= Royston Morley =

John Royston Morley (25 August 1912 – 14 October 1991) was a British television producer, director and writer. He was among the earliest television producers, and also trained new producers for the BBC and in Australia.

==Life and career==
Morley was born in Kidderminster, Worcestershire, England.

His early work for BBC television, beginning in 1937, included a regular slot in Cecil Madden's "Picture Page", a magazine programme of general and topical interest. In 1937 Morley married a BBC colleague, Isa Benzie. They had one daughter. Morley added television drama to his responsibilities, and produced or directed abbreviated versions of plays by Shakespeare, Wilde, Ibsen, John Webster, J.B. Priestley and P.G. Wodehouse among others. In April 1939 he produced a studio presentation of the Sadler's Wells Ballet in The Rake's Progress.

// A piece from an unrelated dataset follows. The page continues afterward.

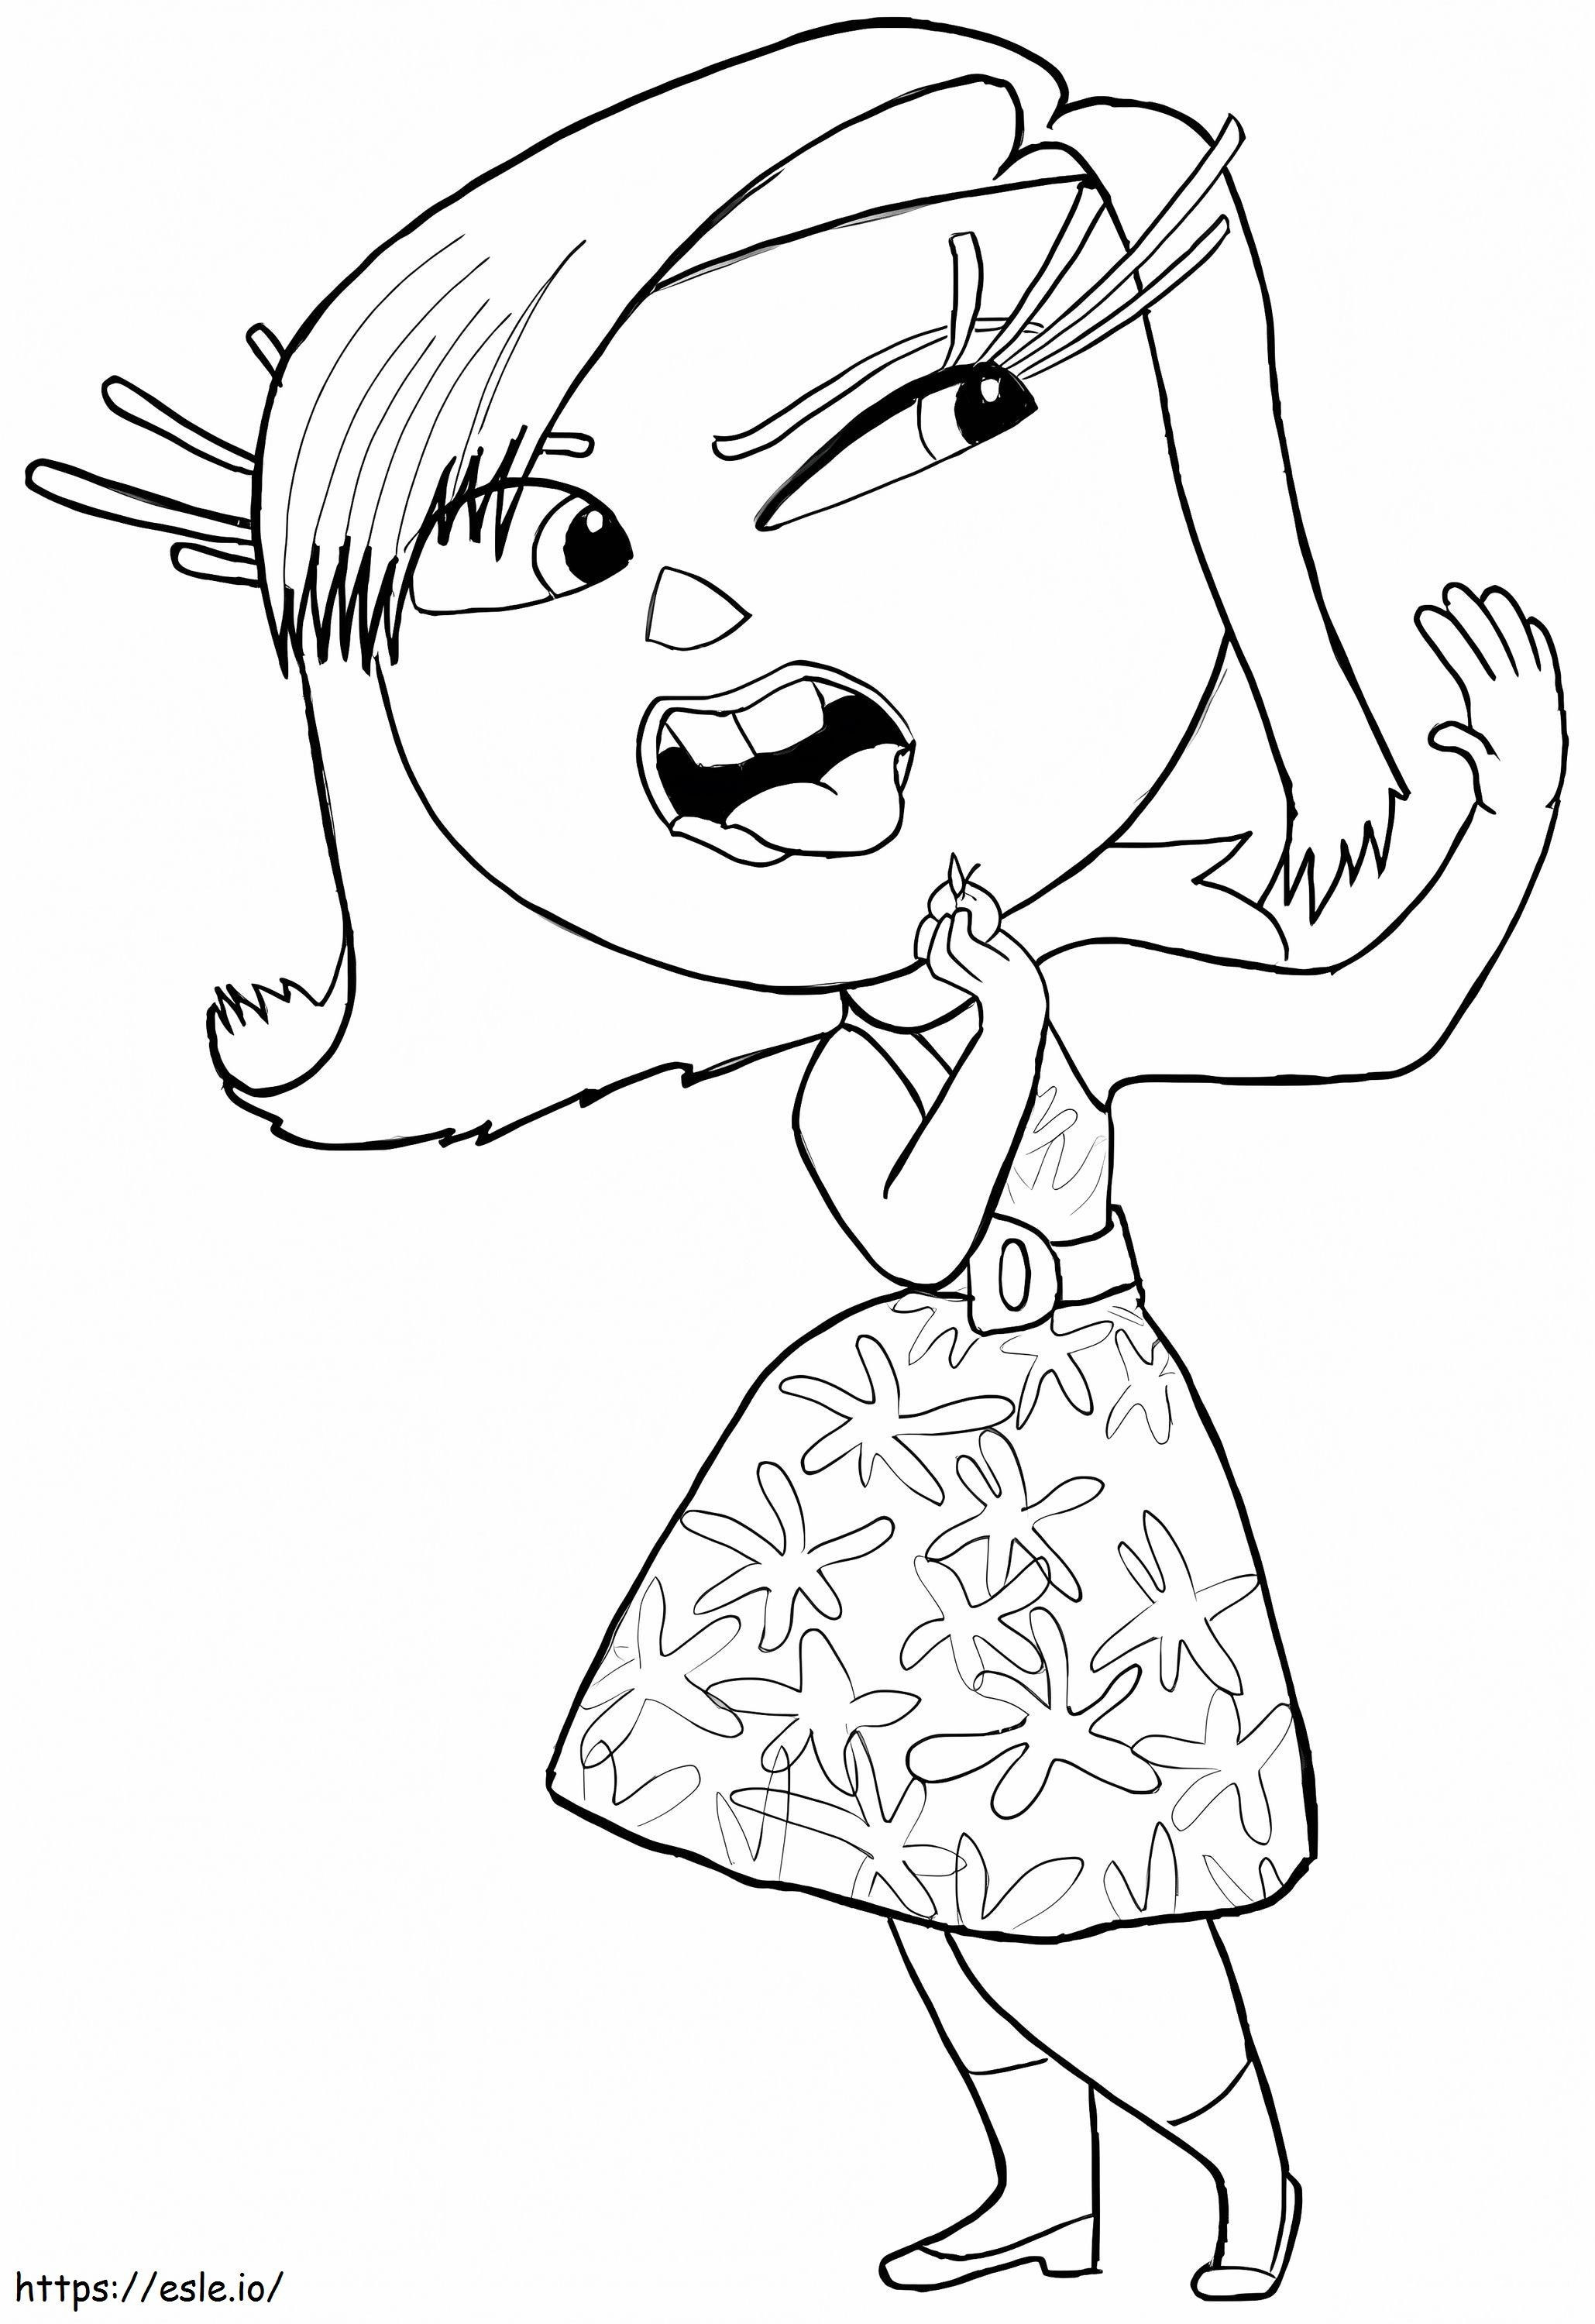 Disgust From The Inside Out coloring page

The fledgling television service was taken off the air during the Second World War, and Morley moved to radio, writing as well as producing programmes. When BBC television returned after the war, Morley resumed his pre-war responsibilities, producing "Picture Page" and a wide range of drama, both classic, such as Pygmalion and King Lear, and modern works by Thornton Wilder, Eugene O'Neill, Luigi Pirandello, Jean Cocteau and others. His own play, The Guilty Party was broadcast in 1953. In addition to directing, Morley was also a trainer. The BBC was interested in recruiting potential directors from people with a theatrical background, and among those who comprised what became known as "Morley's Army" were Kenneth Tynan, Tony Richardson and Peter Cotes.

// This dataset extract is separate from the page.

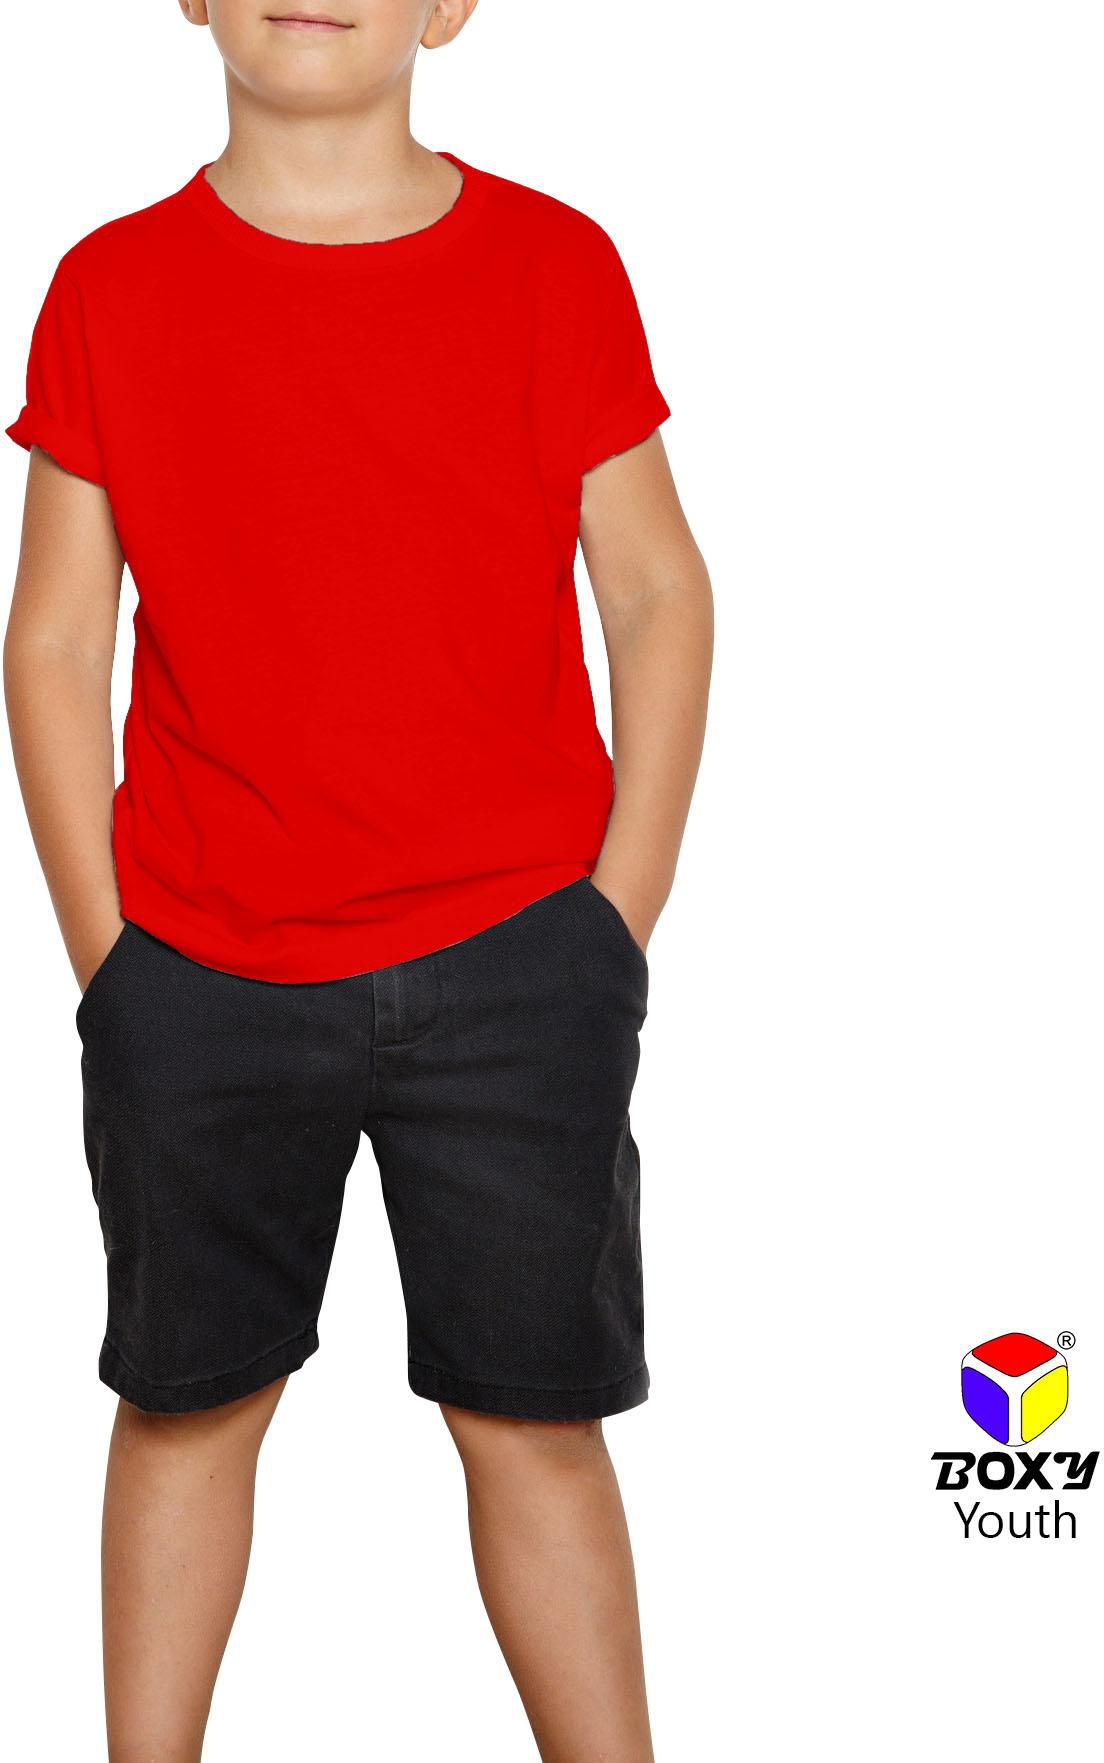 Boxy Youth Microfiber Round Neck T-shirt - 5 Sizes (Red)

In 1956 Morley went to Australia to train staff for the Australian Broadcasting Corporation in Sydney. His contribution to the ABC at this time has been described as crucial. While in Australia he directed productions of An Enemy of the People (1958) and Hamlet (1959).

After returning to Britain in the 1960s, Morley produced the long-running BBC television series Dr Finlay's Casebook, followed by two other drama series in the early 1970s, Brett and The Regiment. These were his last work for the BBC. In the 1970s he worked for the commercial station Associated Television, and in 1980 he directed a few episodes of the soap opera Crossroads. As well as his television work, Morley directed Pirandello's play, Six Characters in Search of an Author at the Arts Theatre in 1954, and the 1961 cinema film, Attempt to Kill, based on an Edgar Wallace detective story.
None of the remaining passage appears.